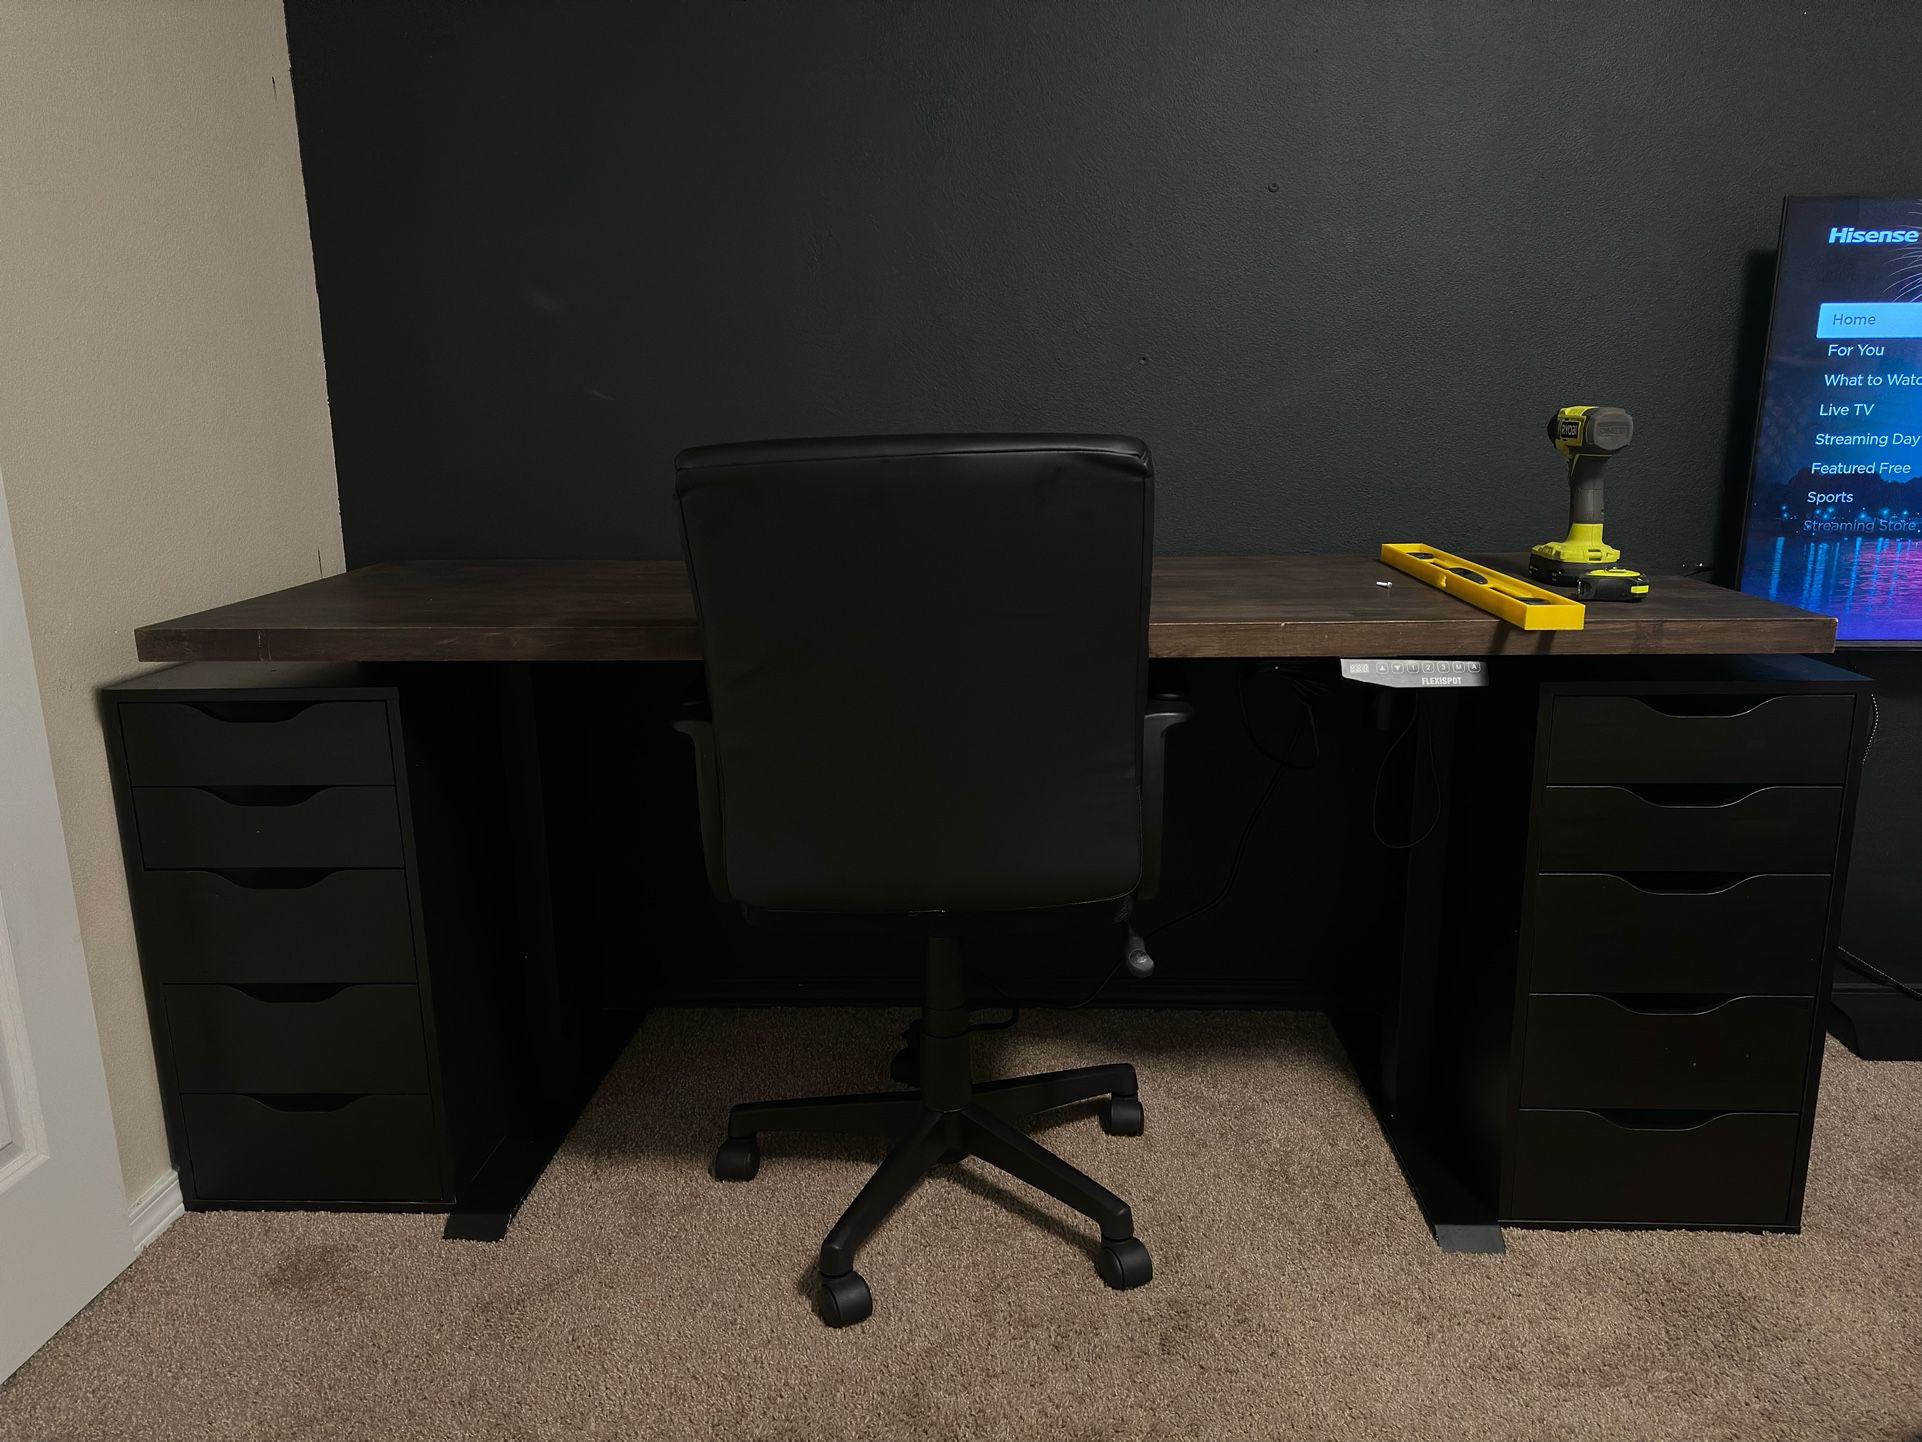 Adjustable Height Desk, Drawers And Office Chair
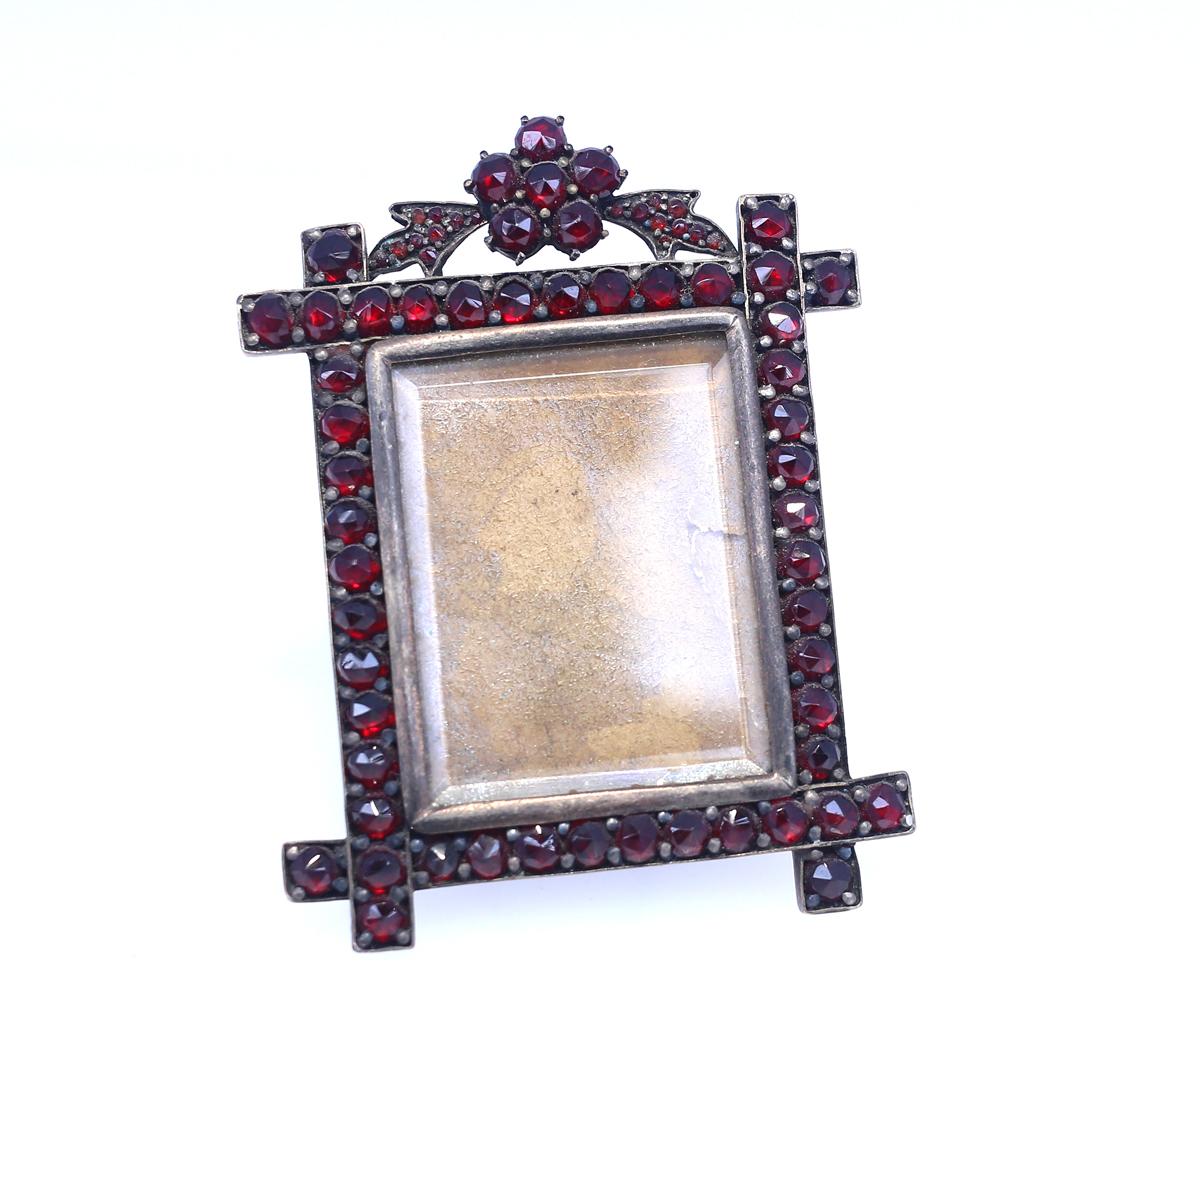 Garnet Picture Frame for the table. 
Former property of  Mary, Duchess of Roxburghe. Sold on the Sotheby’s auction in London:  Property & Precious Objects from the Estate of Mary, Duchess of Roxburghe.
The frame still holds a really fainted
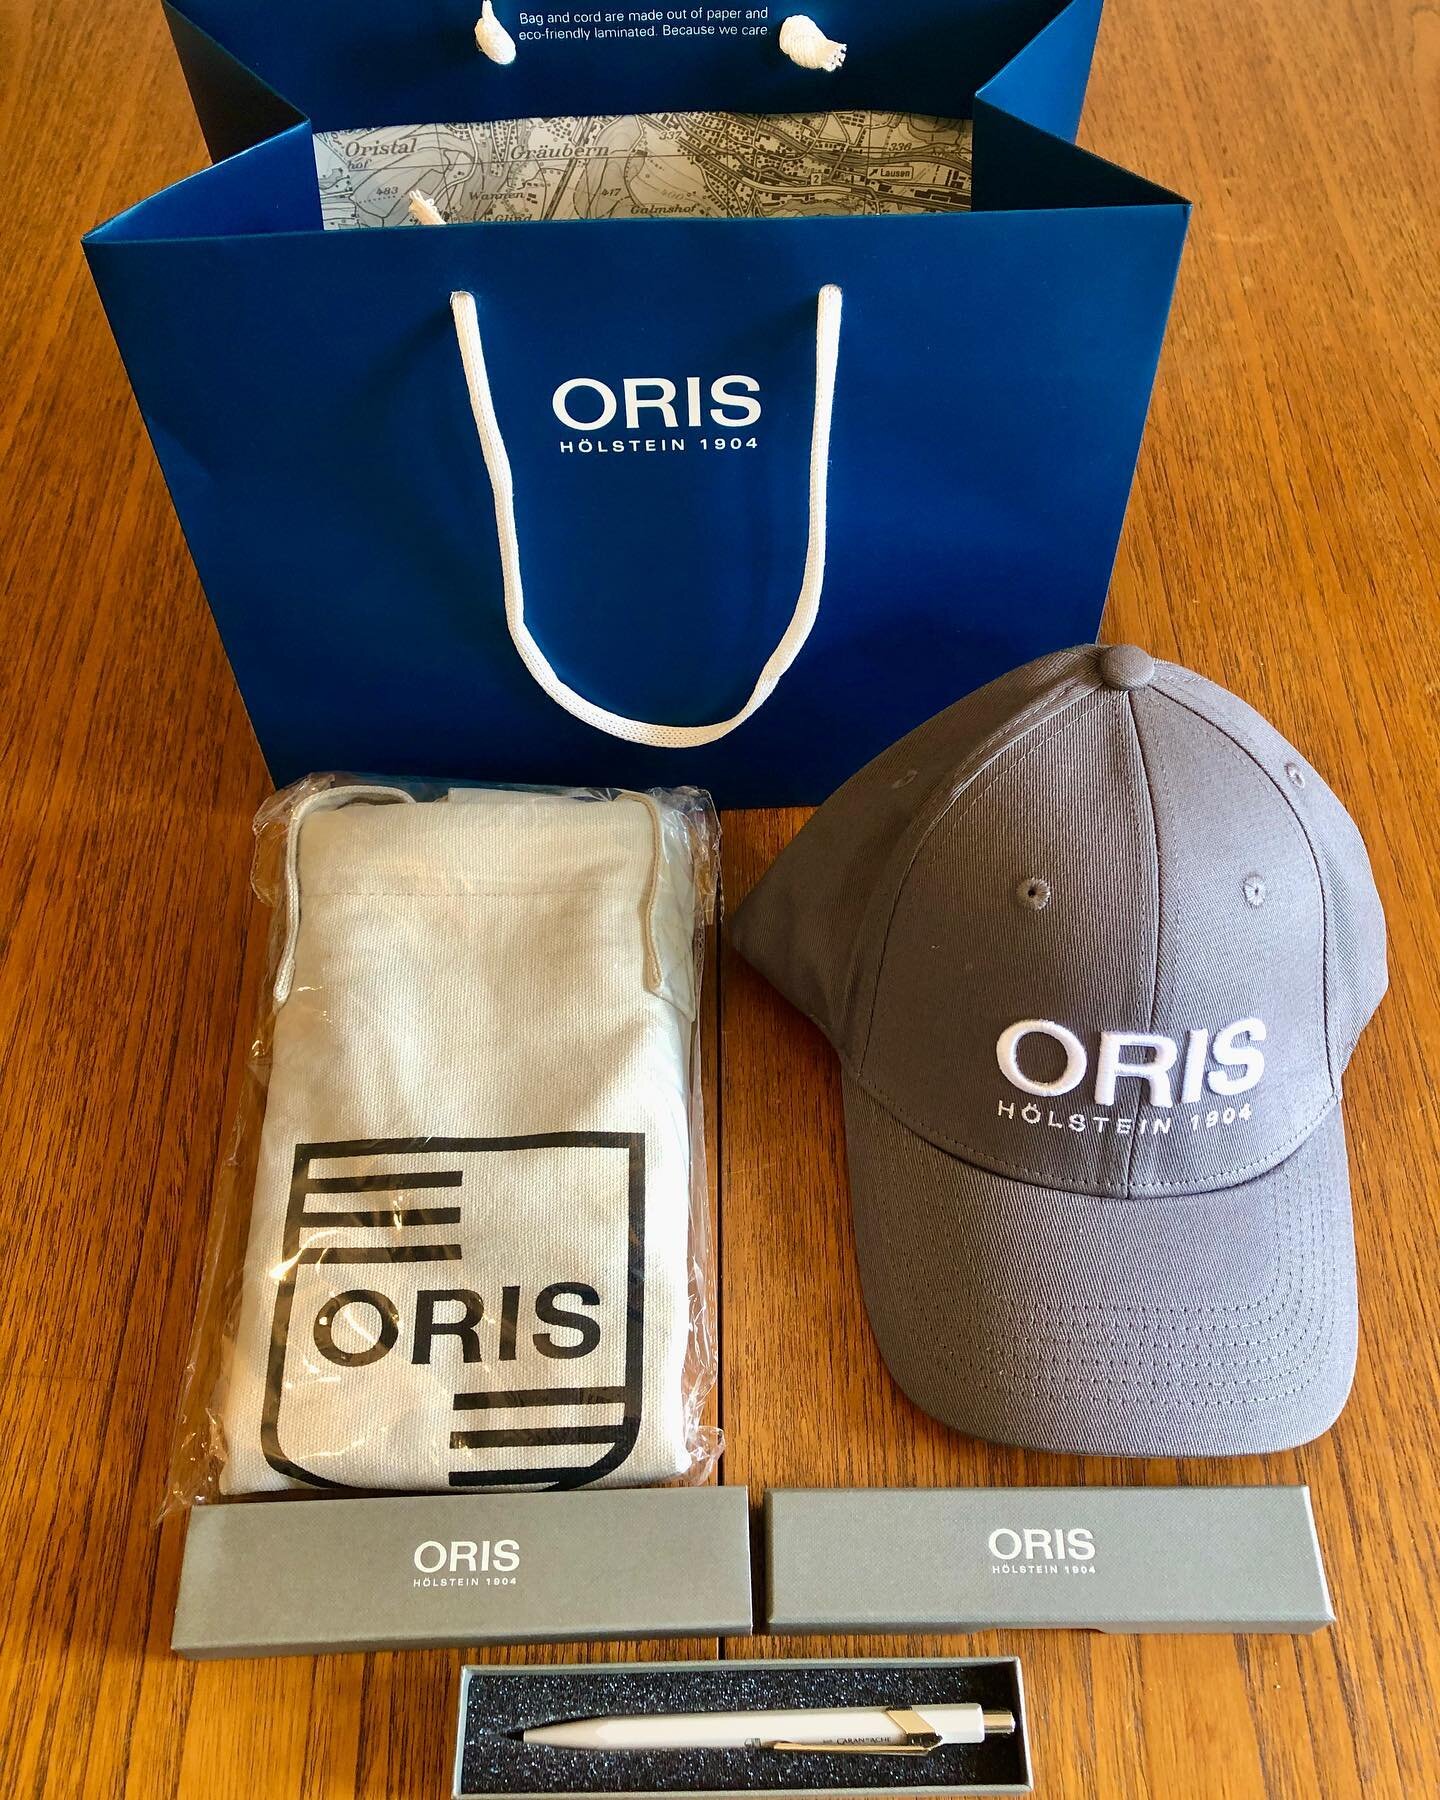 Was lovely to be part of an amazing event yesterday at @oris London launching a new watch 🕰 and thank you so much for our goody bags 🙌🏼

Videos coming soon 🎺🎙🎷

********************

Your objective:
Copy out each record word for word and omit any pictures.

Result of the exercise:
 Adjustable Height Desk, Drawers And Office Chair
 Garnet Picture Frame for the table. 
Former property of  Mary, Duchess of Roxburghe. Sold on the Sotheby’s auction in London:  Property & Precious Objects from the Estate of Mary, Duchess of Roxburghe.
The frame still holds a really fainted
 Was lovely to be part of an amazing event yesterday at @oris London launching a new watch 🕰 and thank you so much for our goody bags 🙌🏼

Videos coming soon 🎺🎙🎷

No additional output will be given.